Narrative-oriented DTDs tend be a lot looser and make much heavier use of mixed content than do DTDs that describe more database-like documents. Consequently, they tend to be written from the bottom up, starting with the smallest elements and building up to the largest. They also tend to use parameter entities to group together similar content specifications and attribute lists.

Example 3-7 is a standalone DTD for biographies like the one shown in Example 2-5 of the last chapter. Notice that not everything it declares is actually present in Example 2-5. That's often the case with narrative documents. For instance, not all web pages contain unordered lists, but the XHTML DTD still needs to declare the ul element for those XHTML documents that do include them. Also, notice that a few attributes present in Example 2-5 have been made into fixed defaults here.
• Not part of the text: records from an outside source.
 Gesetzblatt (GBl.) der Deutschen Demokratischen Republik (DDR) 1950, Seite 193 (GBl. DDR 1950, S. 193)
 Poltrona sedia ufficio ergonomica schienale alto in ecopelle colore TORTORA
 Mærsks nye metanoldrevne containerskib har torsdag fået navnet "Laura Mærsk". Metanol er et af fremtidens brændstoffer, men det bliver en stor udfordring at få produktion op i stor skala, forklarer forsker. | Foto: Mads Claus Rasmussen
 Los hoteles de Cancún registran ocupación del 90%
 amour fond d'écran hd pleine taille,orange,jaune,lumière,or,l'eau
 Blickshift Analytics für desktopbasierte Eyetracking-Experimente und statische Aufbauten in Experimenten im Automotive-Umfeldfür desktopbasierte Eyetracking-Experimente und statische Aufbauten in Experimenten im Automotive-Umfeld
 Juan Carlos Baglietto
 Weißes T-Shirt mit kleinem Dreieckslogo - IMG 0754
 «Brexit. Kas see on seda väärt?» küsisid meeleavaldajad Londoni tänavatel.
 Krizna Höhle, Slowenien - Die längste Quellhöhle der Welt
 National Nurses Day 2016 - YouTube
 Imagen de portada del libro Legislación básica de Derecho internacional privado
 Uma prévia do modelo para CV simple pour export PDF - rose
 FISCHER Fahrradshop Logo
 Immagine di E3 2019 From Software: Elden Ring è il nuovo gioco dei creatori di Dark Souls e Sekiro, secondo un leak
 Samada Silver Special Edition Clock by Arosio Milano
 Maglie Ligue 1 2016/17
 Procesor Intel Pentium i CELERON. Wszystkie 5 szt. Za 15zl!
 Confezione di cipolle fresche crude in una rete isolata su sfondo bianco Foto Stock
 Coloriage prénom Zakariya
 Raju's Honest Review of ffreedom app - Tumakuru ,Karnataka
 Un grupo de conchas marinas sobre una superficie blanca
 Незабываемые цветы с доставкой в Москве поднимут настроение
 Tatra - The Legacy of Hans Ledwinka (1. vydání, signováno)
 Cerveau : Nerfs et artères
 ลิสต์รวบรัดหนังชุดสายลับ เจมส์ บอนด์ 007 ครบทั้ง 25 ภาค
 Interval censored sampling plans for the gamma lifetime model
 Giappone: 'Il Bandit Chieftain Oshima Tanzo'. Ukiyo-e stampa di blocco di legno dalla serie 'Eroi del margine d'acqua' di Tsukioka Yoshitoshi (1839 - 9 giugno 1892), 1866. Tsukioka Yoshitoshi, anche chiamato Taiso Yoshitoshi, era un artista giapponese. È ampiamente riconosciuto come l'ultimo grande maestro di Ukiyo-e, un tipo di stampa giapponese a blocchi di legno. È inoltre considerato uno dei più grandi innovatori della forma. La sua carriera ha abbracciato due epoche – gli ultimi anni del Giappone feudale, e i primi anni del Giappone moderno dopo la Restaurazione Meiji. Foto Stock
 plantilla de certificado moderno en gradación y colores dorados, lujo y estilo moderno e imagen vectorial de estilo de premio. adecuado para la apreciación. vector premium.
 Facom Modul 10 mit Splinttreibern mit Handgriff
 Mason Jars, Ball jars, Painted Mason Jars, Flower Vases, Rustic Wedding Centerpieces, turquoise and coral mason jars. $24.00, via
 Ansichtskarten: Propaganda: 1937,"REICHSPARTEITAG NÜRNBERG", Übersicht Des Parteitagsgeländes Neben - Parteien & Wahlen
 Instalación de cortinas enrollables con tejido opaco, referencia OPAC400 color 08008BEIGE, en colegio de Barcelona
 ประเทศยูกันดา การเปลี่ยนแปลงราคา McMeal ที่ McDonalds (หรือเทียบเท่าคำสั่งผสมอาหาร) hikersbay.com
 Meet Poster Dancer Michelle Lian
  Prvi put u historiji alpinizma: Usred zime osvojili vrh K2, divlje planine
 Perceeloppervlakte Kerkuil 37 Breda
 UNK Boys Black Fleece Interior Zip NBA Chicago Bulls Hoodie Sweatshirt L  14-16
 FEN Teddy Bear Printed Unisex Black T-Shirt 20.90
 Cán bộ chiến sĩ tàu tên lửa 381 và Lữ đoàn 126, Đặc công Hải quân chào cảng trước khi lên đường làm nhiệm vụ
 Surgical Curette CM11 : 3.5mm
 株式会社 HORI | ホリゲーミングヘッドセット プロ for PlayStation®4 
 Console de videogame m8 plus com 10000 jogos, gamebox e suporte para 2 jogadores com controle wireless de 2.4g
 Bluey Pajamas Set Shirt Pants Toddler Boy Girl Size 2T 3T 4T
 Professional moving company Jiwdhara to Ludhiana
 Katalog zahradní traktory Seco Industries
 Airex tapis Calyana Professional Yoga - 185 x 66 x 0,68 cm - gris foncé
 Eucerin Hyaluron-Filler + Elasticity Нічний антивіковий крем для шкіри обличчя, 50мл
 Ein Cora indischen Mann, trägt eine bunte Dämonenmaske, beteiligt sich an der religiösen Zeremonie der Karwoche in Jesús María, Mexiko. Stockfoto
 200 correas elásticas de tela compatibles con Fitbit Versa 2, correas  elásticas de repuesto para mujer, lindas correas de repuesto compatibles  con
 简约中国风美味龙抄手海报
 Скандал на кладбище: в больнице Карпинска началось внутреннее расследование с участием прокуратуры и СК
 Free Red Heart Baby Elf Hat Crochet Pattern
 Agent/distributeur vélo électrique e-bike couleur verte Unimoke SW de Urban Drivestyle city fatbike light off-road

Example 3-7. A narrative-oriented DTD for biographies

<!ATTLIST biography xmlns:xlink CDATA #FIXED
                                       "http://www.w3.org/1999/xlink">
     
<!ELEMENT person (first_name, last_name)>
<!-- Birth and death dates are given in the form yyyy/mm/dd -->
<!ATTLIST person born CDATA #IMPLIED
                 died CDATA #IMPLIED>
     
<!ELEMENT date   (month, day, year)>
<!ELEMENT month  (#PCDATA)>
<!ELEMENT day    (#PCDATA)>
<!ELEMENT year   (#PCDATA)>
     
<!-- xlink:href must contain a URL.-->
<!ATTLIST emphasize xlink:type (simple) #IMPLIED
                    xlink:href CDATA   #IMPLIED>
     
<!ELEMENT profession (#PCDATA)>
<!ELEMENT footnote   (#PCDATA)>
     
<!-- The source is given according to the Chicago Manual of Style
     citation conventions -->
<!ATTLIST footnote source CDATA #REQUIRED>
     
<!ELEMENT first_name (#PCDATA)>
<!ELEMENT last_name  (#PCDATA)>
     
<!ELEMENT image EMPTY>
<!ATTLIST image source CDATA   #REQUIRED
                width  NMTOKEN #REQUIRED
                height NMTOKEN #REQUIRED
                ALT    CDATA   #IMPLIED
>
<!ENTITY % top_level "( #PCDATA | image | paragraph | definition 
                      | person | profession | emphasize | last_name
                      | first_name | footnote | date )*">
     
<!ELEMENT paragraph  %top_level; >
<!ELEMENT definition %top_level; >
<!ELEMENT emphasize  %top_level; >
<!ELEMENT biography  %top_level; >

The root biography element has a classic mixed-content declaration. Since there are several elements that can contain other elements in a fairly unpredictable fashion, we group all the possible top-level elements (elements that appear as immediate children of the root element) in a single top_level entity reference. Then we can make all of them potential children of each other in a straightforward way. This also makes it much easier to add new elements in the future. That's important since this one small example is almost certainly not broad enough to cover all possible biographies.